Route information
- Maintained by Malaysian Public Works Department
- Length: 6.79 km (4.22 mi)

Major junctions
- North end: Batu Gajah
- FT 4 / AH140 Federal Route 4 FT 198 Federal Route 198
- South end: Air Canal

Location
- Country: Malaysia
- Primary destinations: Kelisar, Air Merah

Highway system
- Highways in Malaysia; Expressways; Federal; State;

= Malaysia Federal Route 199 =

Road in Malaysia

Federal Route 199, or Jalan Batu Gajah, is a federal road in Kelantan, Malaysia.
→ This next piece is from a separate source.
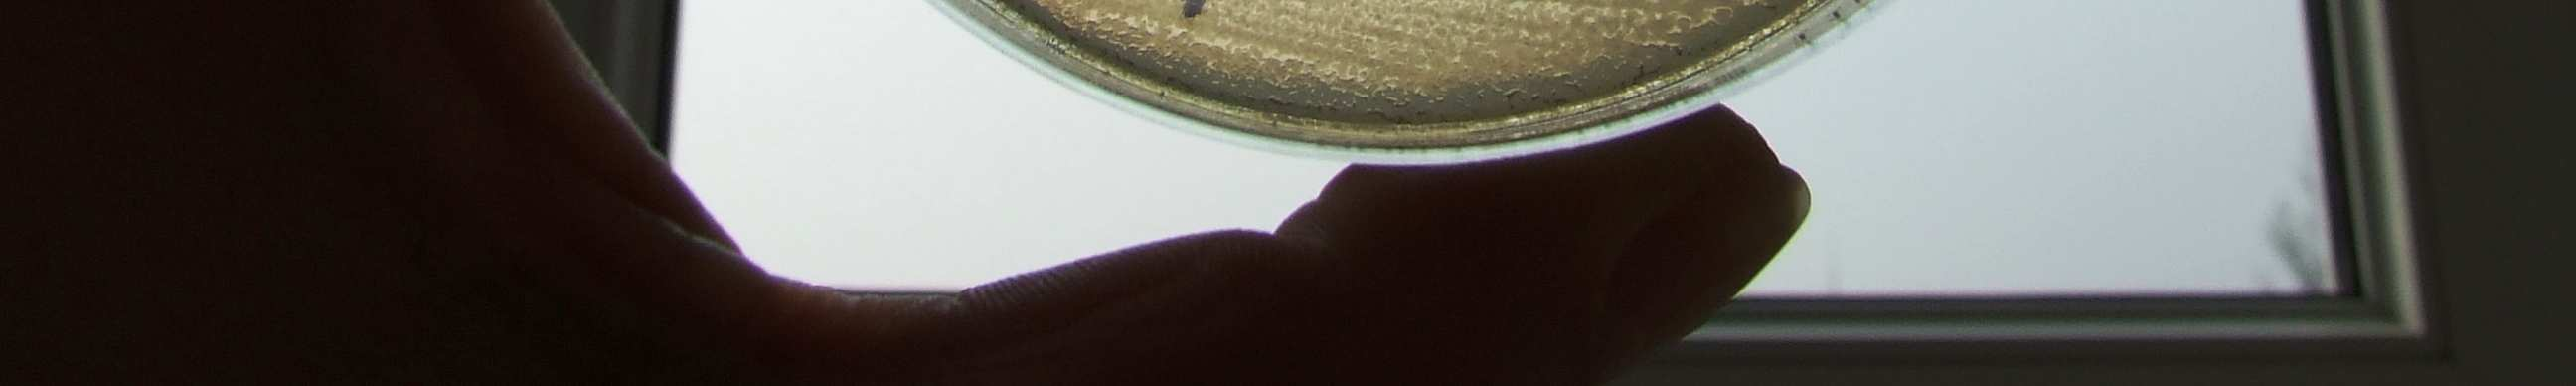 Az Aspergillus niger fonalas gomba
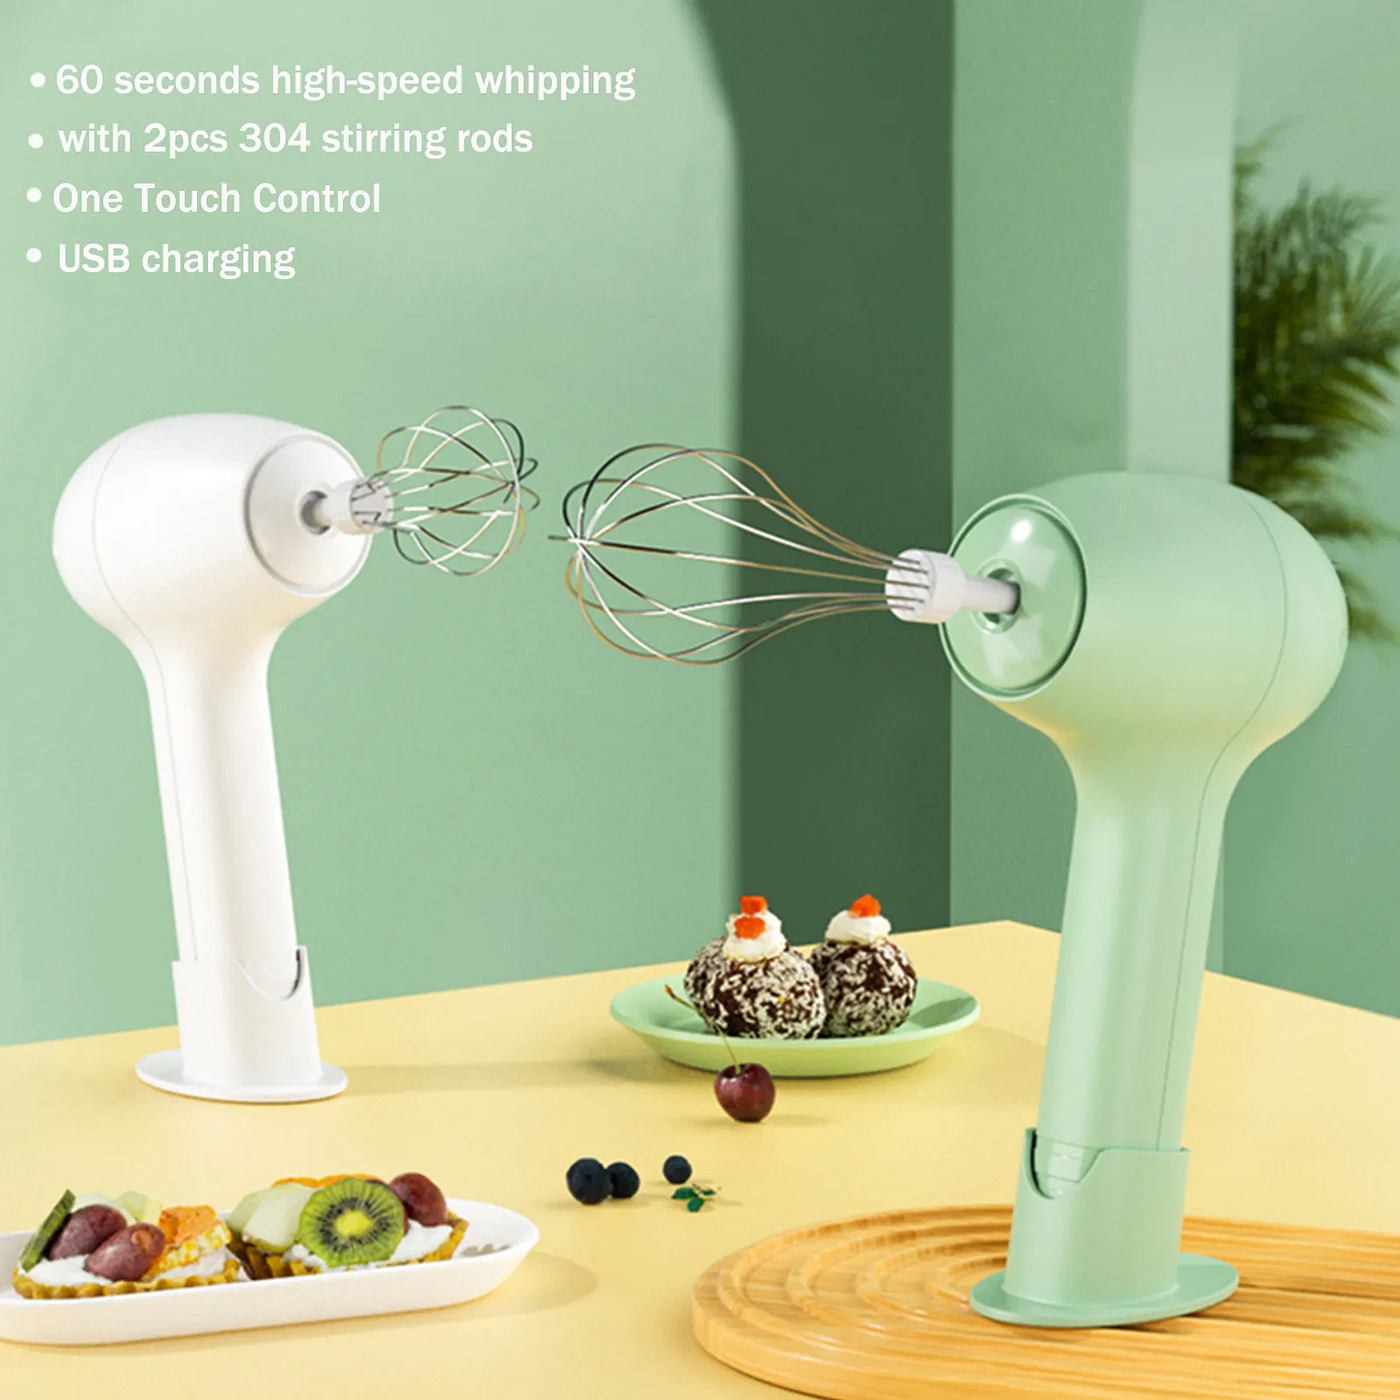 Hand Food Blender Mixer Cordless Speed Whisk System USB, by Innovista

The route connects Kampung Batu Gajah in the north and Kampung Lawang in the south.

== History ==
In 2003, the highway was gazetted as Federal Route 199.

==Features==
At most sections, the Federal Route 199 was built under the JKR R3 road standard, allowing maximum speed limit of up to 60 km/h.

There is one recreational area call Lata Telaga Bijih (Telaga Bijih Waterfall)

== Junction lists ==
The entire route is in Kelantan, Malaysia.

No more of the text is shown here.